Петербургский театральный журнал
Блог «ПТЖ» — это отдельное СМИ, живущее в режиме общероссийской театральной газеты. Когда-то один из создателей журнала Леонид Попов делал в «ПТЖ» раздел «Фигаро» (Фигаро здесь, Фигаро там). Лене Попову мы и посвящаем наш блог.
16+

ИСТОРИЯ — ДЕТЯМ

БЕЗОТЦОВЩИНА, ИЛИ ХУЛИГАНЬЕ И ДАЧНИКИ

«Тимур и его команда. Рассказы о том». ЦДР.
Режиссер Татьяна Тарасова, художник Анна Агафонова

Гайдаровская история о Тимуре и его команде — это повесть о вхождении в советский миропорядок. «Никто лучше него не смог переплавить в инфантильном дискурсе, в игре, в детской самодеятельности насилие, разлитое в самом воздухе 1930-х гг.»1, — пишет Е. А. Добренко.

Проза Гайдара в советское время была востребована в игровом, анимационном кино и в театре, потом, само собой, на время задвинута в дальний угол. И вот сейчас театр снова много и часто обращается к Гайдару. Иногда очищая его истории от идеологических напластований, а иногда — вольно или невольно — реанимируя советскую утопию.

В ЦДР «Тимура и его команду» играют выпускники ВГИКа 2018 года, курса В. Меньшова, то есть актеры по возрасту ближе к персонажам повести, чем к той советской реальности, в которой жили их герои.

Сцена из спектакля.
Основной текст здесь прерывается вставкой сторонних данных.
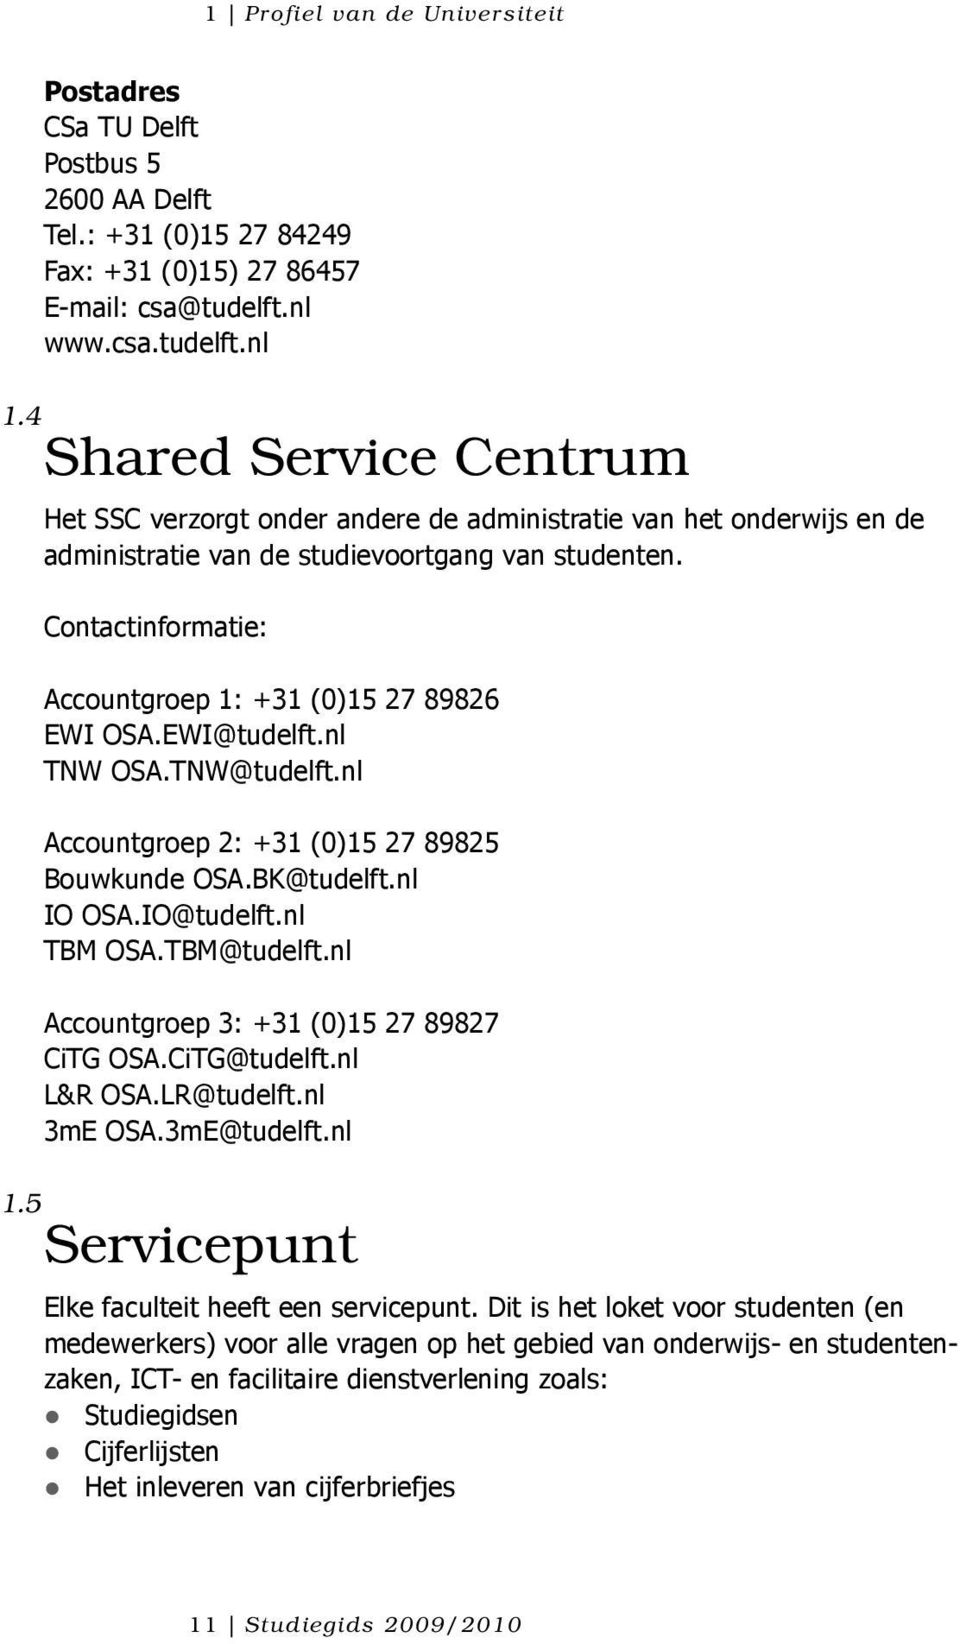 Contactinformatie: Accountgroep 1: +31 (0)15 27 89826 EWI OSA.EWI@tudelft.nl TNW OSA.TNW@tudelft.nl Accountgroep 2: +31 (0)15 27 89825 Bouwkunde OSA.BK@tudelft.nl IO OSA.IO@tudelft.nl TBM OSA.

Фото из архива театра

У спектакля два пролога. Первый — чтение письма Аркадия Голикова, адресованного отцу в действующую армию. «Здравствуй, дорогой папочка! Ты пишешь, что от меня ты не получил писем, жаль, я тебе два послал. А я смотрю, что ты мне не отвечаешь в своем письме на мои вопросы. Видно, письма задерживаются. Так досадно мне, я тебя спрашивал, какая у вас погода, видал ли ты аэропланы и вообще про войну. …Я знаю, что некоторые присылают винтовки с фронта в подарок кому-нибудь. Как это делается? Может, можно как-нибудь и мне прислать, уж очень хочется, что бы что-нибудь на память о войне осталось. Полковник Аркадий Голиков. Христос воскресе. Крепко целую».

Второй пролог — ироничная песня на стихи Игоря Иртеньева, искусная стилизация и постмодернистская игра: «Летчик, летчик, ты могуч, / Ты летаешь выше туч, / Ты в воздушный океан / Устремляешь свой биплан. / Гордо реешь в облаках ты, / Распыляя химикаты. / Ты возьми меня с собой / В неба кумпол голубой. / Там в ужасной вышине / Ты поженишься на мне».

Странная подпись «полковник Аркадий Голиков» (звание, которое тринадцатилетний Аркадий дал себе сам), просьба о винтовке как о сувенире, стихотворение Иртеньева, сплавляющего в одном предложении пушкинские строки, сельскохозяйственные задачи и легкомысленное желание выйти замуж за летчика, — все для того, чтобы взглянуть на повесть из сегодняшнего дня, улавливая растиражированное героико-романтическое отношение к войне, к прошлому, вытаскивая на первый план тоску детей, вынужденных расти без отцов.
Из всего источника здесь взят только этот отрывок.